Look at the types of your results. You are summing a numpy array, which is using numpy datatypes, which can overflow. When you do sum(a[:20043]), you get a numpy object back (some sort of int32 or the like), which overflows when added to another number. When you manually type in the same number, you're creating a Python builtin int, which can auto-promote to long. Numpy arrays cannot autopromote like Python builtin types, because the array type (and its memory layout) have to be fixed when the array is created. This makes operations much faster at the expense of type flexibility.
You may be able to get around the problem by using a different datatype (like np.int64) instead of np.bool. However, it depends how big your numbers are. A simple example:
# Python types ok
>>> 2**62
4611686018427387904L
>>> 2**63
9223372036854775808L
# numpy types overflow
>>> np.int64(2)**62
4611686018427387904
>>> np.int64(2)**63
-9223372036854775808
Your example works correctly for me on 64-bit Python, so I guess you're using 32-bit Python. If you can use 64-bit types you will be able to get past the limit you found, but as my example shows you will eventually overflow 64-bit ints too if your numbers get super huge.
Can anyone explain the following? I'm using Python 2.5
Consider 1*3*5*7*9*11 ... *49. If you type all that from within IPython(x,y) interactive console, you'll get 58435841445947272053455474390625L, which is correct. (why odd numbers: just the way I did it originally)
Python multiply.reduce() or prod() should yield the same result for the equivalent range.
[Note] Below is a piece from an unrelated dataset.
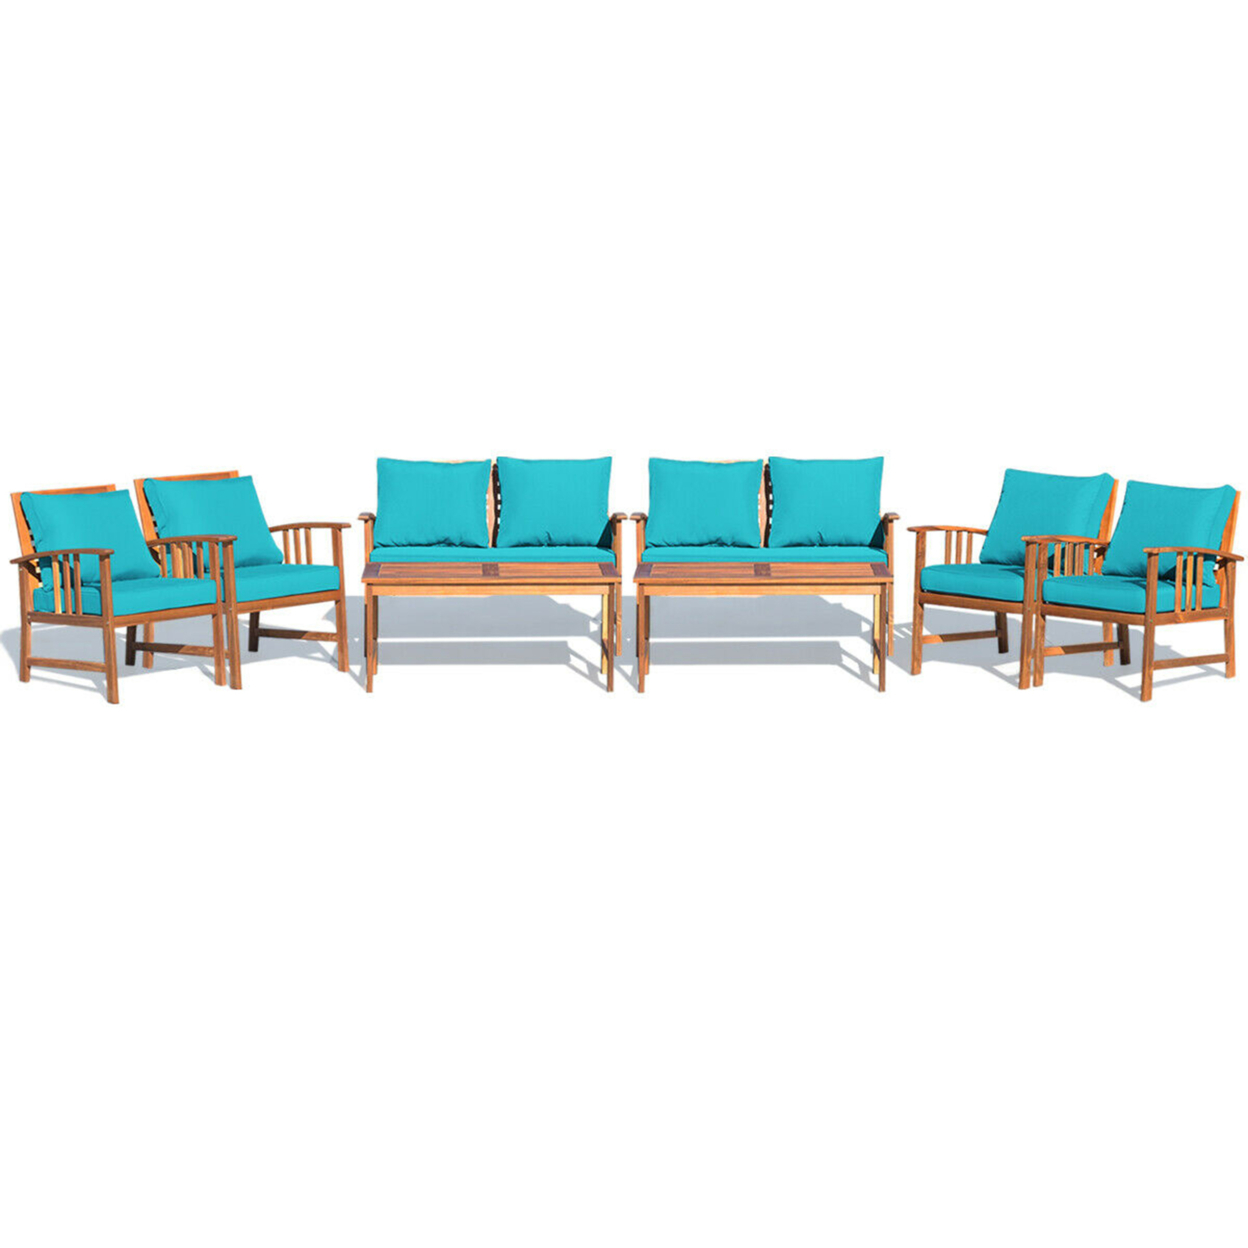 8pcs Wooden Patio Furniture Set Table & Sectional Sofa W/ Turquoise Cushion

And it does, up to a certain point. Here, it is already wrong:
: k = range(1, 50, 2)
: multiply.reduce(k)
: -108792223
Using prod(k) will also generate -108792223 as the result. Other incorrect results start to appear for equivalent ranges of length 12 (that is, k = range(1,24,2)).
I'm not sure why. Can anyone help?
This is because numpy.multiply.reduce() converts the range list to an array of type numpy.int32, and the reduce operation overflows what can be stored in 32 bits at some point:
>>> type(numpy.multiply.reduce(range(1, 50, 2)))
<type 'numpy.int32'>
As Mike Graham says, you can use the dtype parameter to use Python integers instead of the default:
>>> res = numpy.multiply.reduce(range(1, 50, 2), dtype=object)
>>> res
58435841445947272053455474390625L
>>> type(res)
<type 'long'>
But using numpy to work with python objects is pointless in this case, the best solution is KennyTM's:
>>> import functools, operator
>>> functools.reduce(operator.mul, range(1, 50, 2))
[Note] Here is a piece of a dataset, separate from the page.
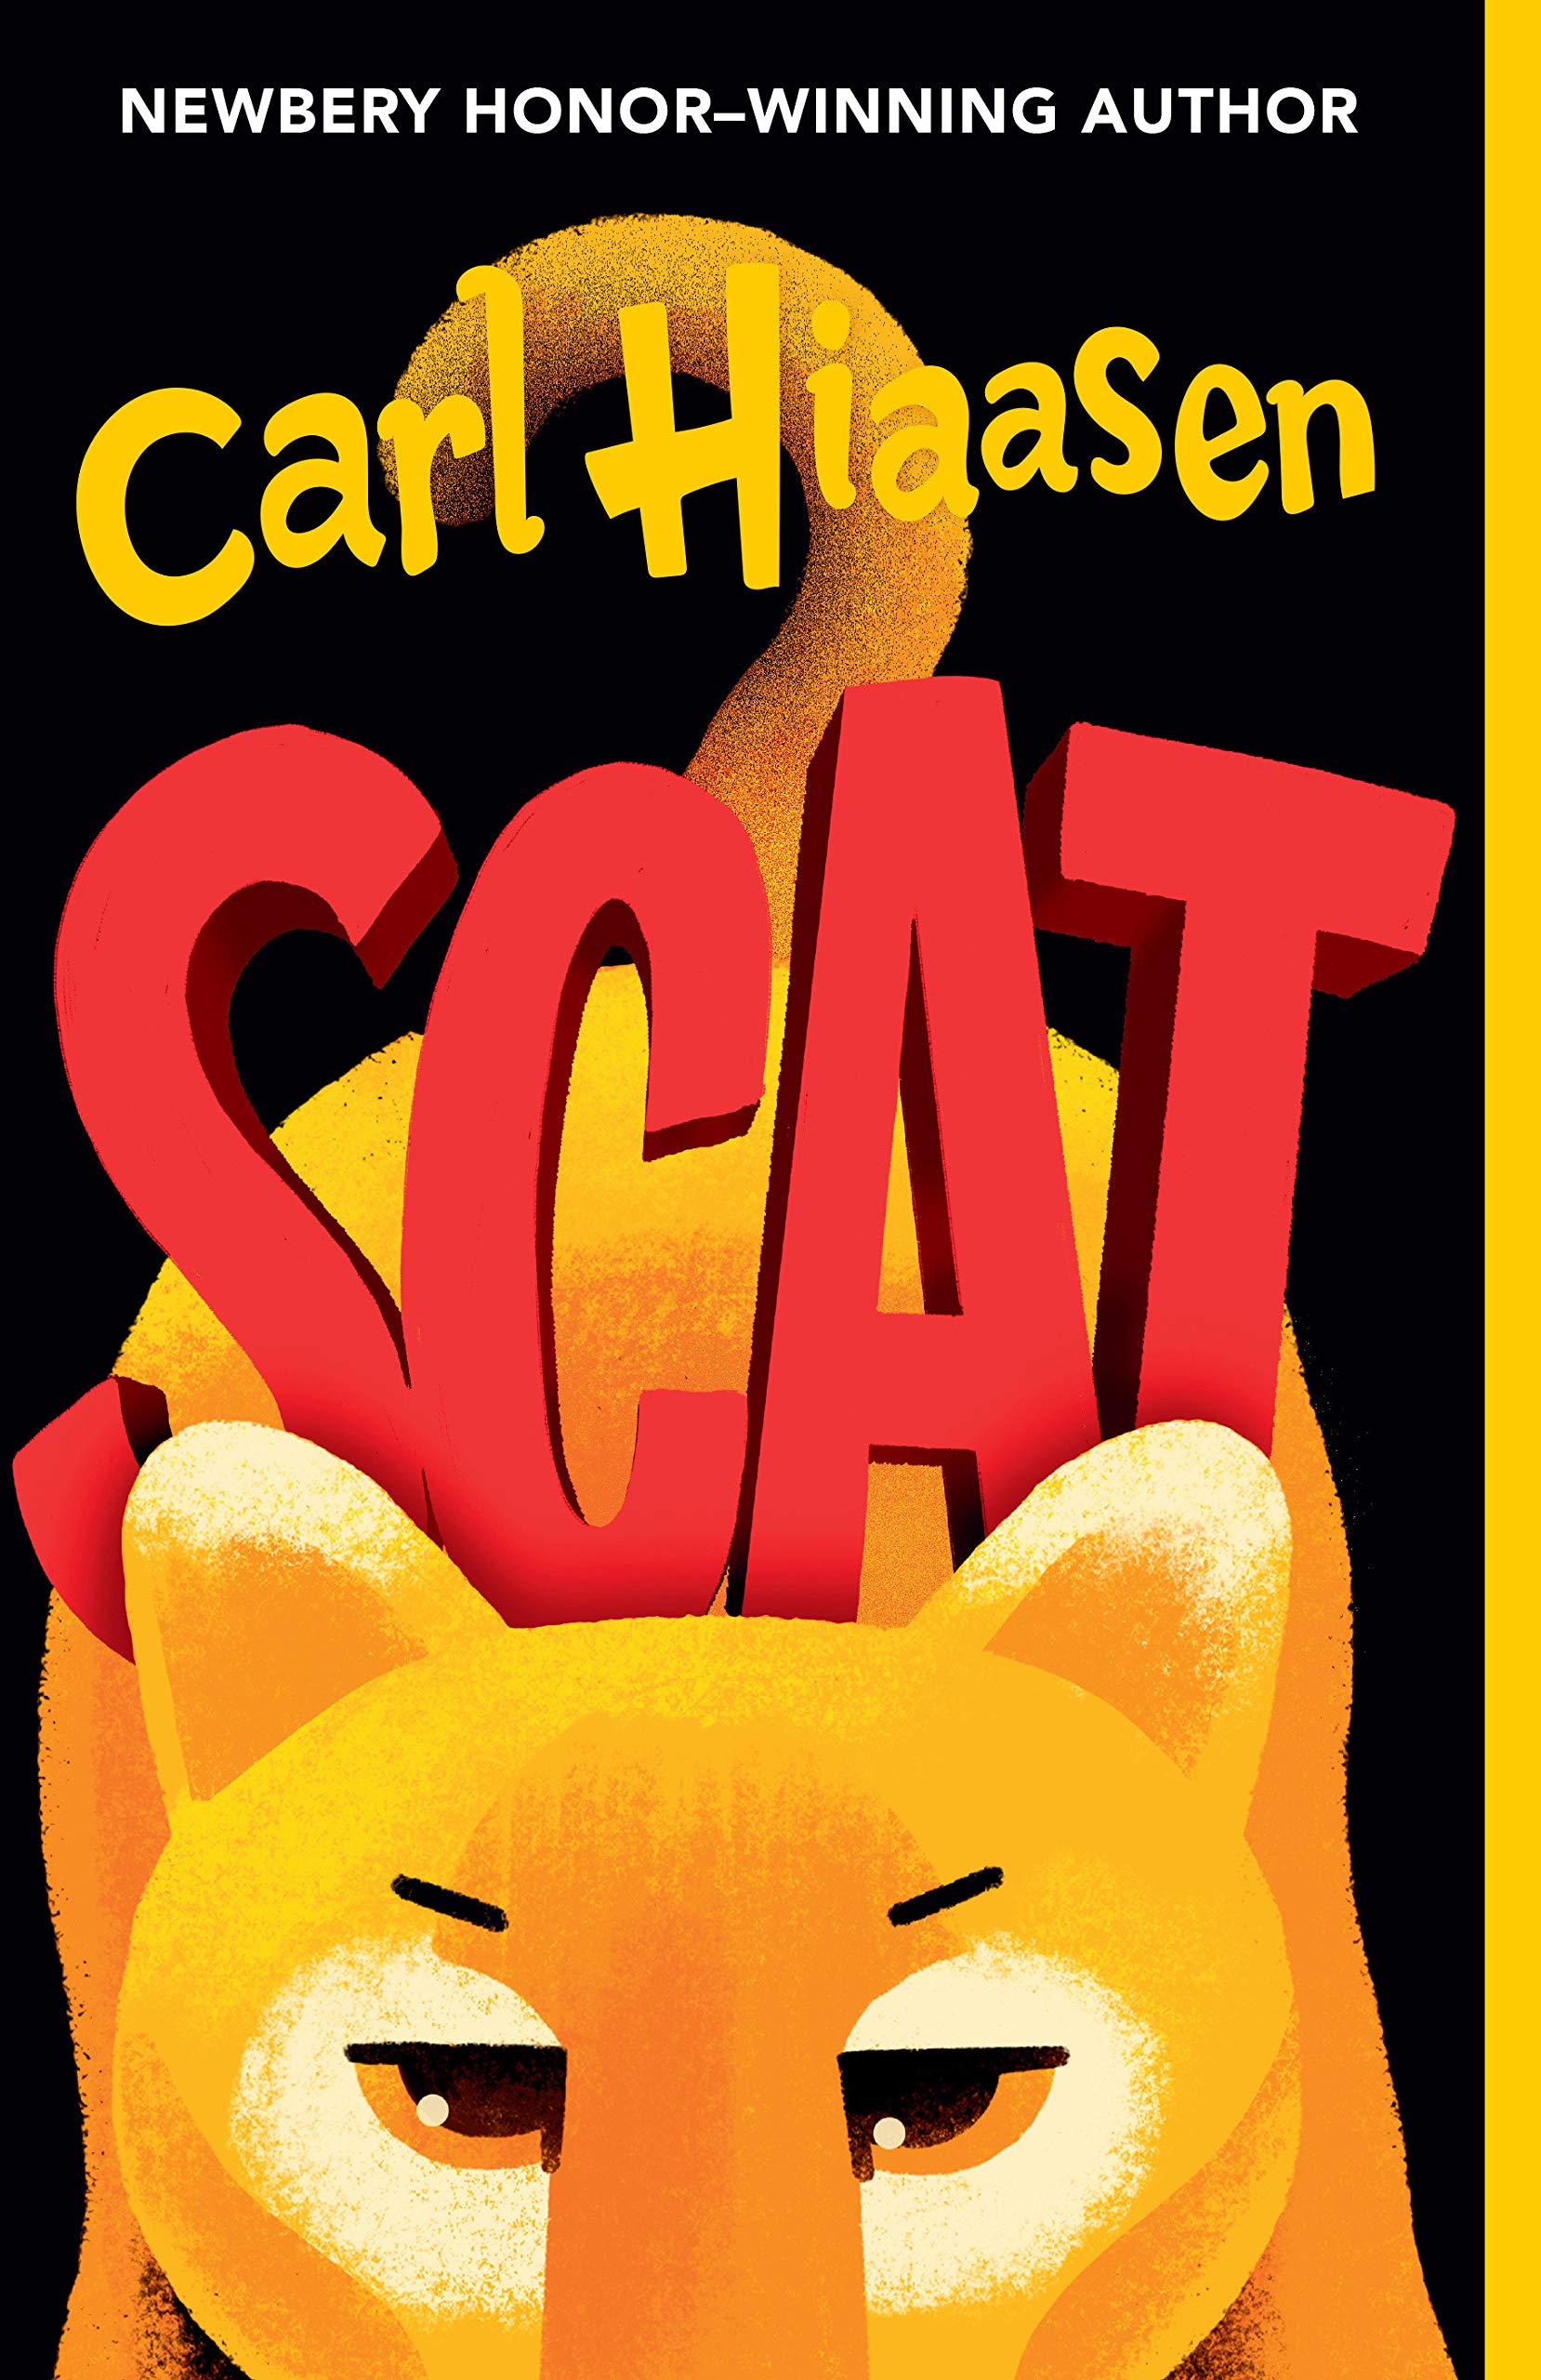 Cover of the book Scat. Features the title in red lettering on the top of a orange-colored illustration of a panther.

58435841445947272053455474390625L
The CPU doesn't multiply arbitrarily large numbers, it only performs specific operations defined on particular ranges of numbers represented in base 2, 0-1 bits.
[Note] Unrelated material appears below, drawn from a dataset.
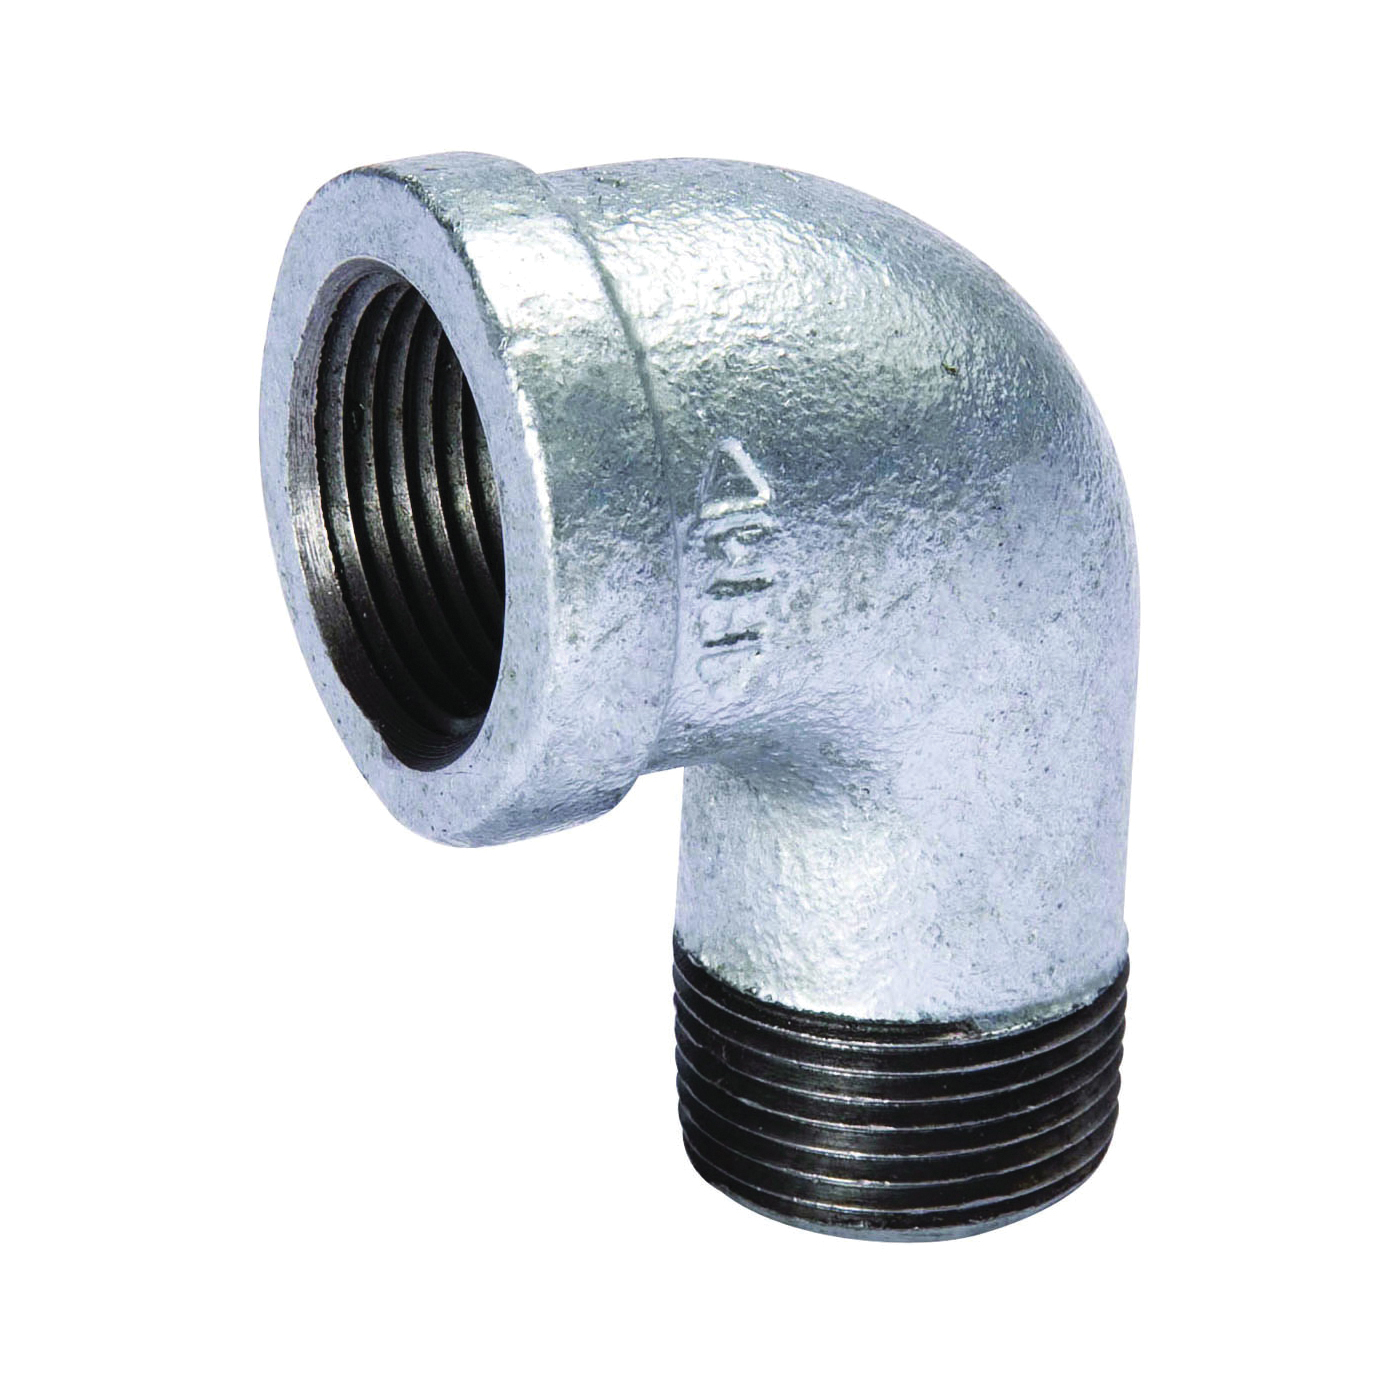 510-311BC Street Pipe Elbow, 4 in, Threaded, 90 deg Angle, 300 psi Pressure

Python '*' handles large integers perfectly through a proper representation and special code beyond the CPU or FPU instructions for multiply.
This is actually unusual as languages go.
In most other languages, usually a number is represented as a fixed array of bits. For example in C or SQL you could choose to have an 8 bit integer that can represent 0 to 255, or -128 to +127 or you could choose to have a 16 bit integer that can represent up to 2^16-1 which is 65535. When there is only a range of numbers that can be represented, going past the limit with some operation like * or + can have an undesirable effect, like getting a negative number. You may have encountered such a problem when using the external library which is probably natively C and not python.